──────── RECORDS FOR THIS TASK ────────

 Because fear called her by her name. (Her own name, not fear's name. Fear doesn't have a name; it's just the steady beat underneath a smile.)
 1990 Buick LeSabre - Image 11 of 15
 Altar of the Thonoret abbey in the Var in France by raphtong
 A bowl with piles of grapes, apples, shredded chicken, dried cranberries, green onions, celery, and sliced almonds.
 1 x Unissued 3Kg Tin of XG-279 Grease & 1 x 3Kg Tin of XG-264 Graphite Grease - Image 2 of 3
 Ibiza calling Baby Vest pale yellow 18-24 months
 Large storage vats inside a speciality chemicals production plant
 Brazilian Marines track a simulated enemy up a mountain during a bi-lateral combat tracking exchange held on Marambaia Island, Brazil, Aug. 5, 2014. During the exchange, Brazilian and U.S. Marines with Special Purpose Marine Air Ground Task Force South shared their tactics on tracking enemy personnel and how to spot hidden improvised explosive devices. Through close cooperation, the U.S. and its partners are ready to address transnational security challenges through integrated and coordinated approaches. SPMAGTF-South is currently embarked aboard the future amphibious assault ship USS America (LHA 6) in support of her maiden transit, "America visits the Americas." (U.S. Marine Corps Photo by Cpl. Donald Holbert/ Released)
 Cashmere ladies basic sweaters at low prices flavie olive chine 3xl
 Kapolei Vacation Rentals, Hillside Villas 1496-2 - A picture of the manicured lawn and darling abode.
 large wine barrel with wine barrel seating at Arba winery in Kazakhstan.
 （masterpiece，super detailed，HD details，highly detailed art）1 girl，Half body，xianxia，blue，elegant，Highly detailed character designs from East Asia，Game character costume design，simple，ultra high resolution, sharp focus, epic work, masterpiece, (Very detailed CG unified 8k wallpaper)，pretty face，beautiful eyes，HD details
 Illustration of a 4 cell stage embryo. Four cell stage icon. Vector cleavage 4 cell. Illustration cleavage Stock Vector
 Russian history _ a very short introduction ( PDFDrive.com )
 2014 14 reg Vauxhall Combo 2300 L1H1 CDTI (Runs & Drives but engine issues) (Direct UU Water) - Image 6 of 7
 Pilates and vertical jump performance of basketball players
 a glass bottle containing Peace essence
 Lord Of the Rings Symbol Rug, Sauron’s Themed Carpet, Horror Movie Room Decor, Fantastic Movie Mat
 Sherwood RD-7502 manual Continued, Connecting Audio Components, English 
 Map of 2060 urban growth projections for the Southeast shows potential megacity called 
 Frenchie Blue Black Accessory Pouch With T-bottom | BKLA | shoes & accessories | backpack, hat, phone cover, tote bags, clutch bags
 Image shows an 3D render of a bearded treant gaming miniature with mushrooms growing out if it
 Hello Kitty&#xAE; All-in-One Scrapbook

────────

## WHAT YOU SHOULD DO
Above are the records; repeat exactly the lines from the one holding "Altar of the" down to the one holding "1 x Unissued", end lines included.

## TASK ANSWER
 Altar of the Thonoret abbey in the Var in France by raphtong
 A bowl with piles of grapes, apples, shredded chicken, dried cranberries, green onions, celery, and sliced almonds.
 1 x Unissued 3Kg Tin of XG-279 Grease & 1 x 3Kg Tin of XG-264 Graphite Grease - Image 2 of 3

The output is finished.